The Financial Industry Regulatory Authority (FINRA) is not afraid of issuing steep fines when it comes to non-compliance of SEA Rules 17a-3 and 17a-4 of Section 17(a)(1) of the Securities Exchange Act of 1934 (‘’Exchange Act’’ or ‘’SEA’’). We previously mentioned how FINRA fined 12 firms a total of $14.4 million for what it called “failing to protect records from alteration.” And while the technology exists to support brokerage firms in the securities industry (and one would expect non-compliance to slowly decrease), fines continue to be issued.
In a recent high-profile case, JPMorgan agreed to pay the SEC $200 million to settle regulatory charges on recordkeeping lapses. The reason for the fine was that JPMorgan had failed to preserve staff communications across mobile devices, messaging apps, and email accounts.
Why was this a problem? Business-related communications were not retained within the firm’s regulatory records repository and could not be produced in response to an audit or third-party subpoena.
Rule 17a-4 and Rule 204-2 of the Exchange Act state that all business-related communications, including those conducted over personal devices, text message or otherwise, must be retained in compliance with applicable recordkeeping requirements, which means a few missing text messages can suddenly become very expensive.
It's therefore clear that non-compliance goes above and beyond preserving proper records – how books and records are retained (and for how long) is critical under FINRA’s rules as well.

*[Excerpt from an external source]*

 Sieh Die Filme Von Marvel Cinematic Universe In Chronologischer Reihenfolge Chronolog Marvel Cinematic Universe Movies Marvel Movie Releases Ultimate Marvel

SEC/FINRA Books and Records Retention Requirements
The financial services sector is held to particularly high standards of accountability in terms of accurate record keeping, as we highlight in our blog, SEC Rule 17a-3 and Recordkeeping Compliance. In fact, Rule 17a-3 requires brokers and dealers to create and preserve comprehensive records of each securities trade, including copies of blotters, account statements, trade confirmations, canceled checks and more, which we unpack later in this article.
This heavily regulated area means that businesses and broker-firms operating in the securities industry are required to maintain accurate and complete books and records by FINRA Rule 4511 (General Requirements), which states that firms must:
- Make and preserve books and records according to the rules of FINRA, the SEA, and all applicable SEA rules so that, among other things, the SEC, state securities regulators, and self-regulatory organizations (“SROs”) may conduct effective examinations of broker-dealers
- Preserve the books and records included in the FINRA rules in a format and media that comply with SEA Rule 17a-4
- Capture and retain electronic communications, such as email and instant messages, as well as hard-copy records
- Ensure that registered representatives, supervisors, and compliance officers understand these regulations and adhere to them
- Minimum requirements with respect to the books and records that broker-dealers create
- How long the records and other documents relating to a broker-dealer’s business must be kept
- What format records must be kept in
These recordkeeping requirements ensure that regulators have the ability to access and review the books and records generated by broker firms.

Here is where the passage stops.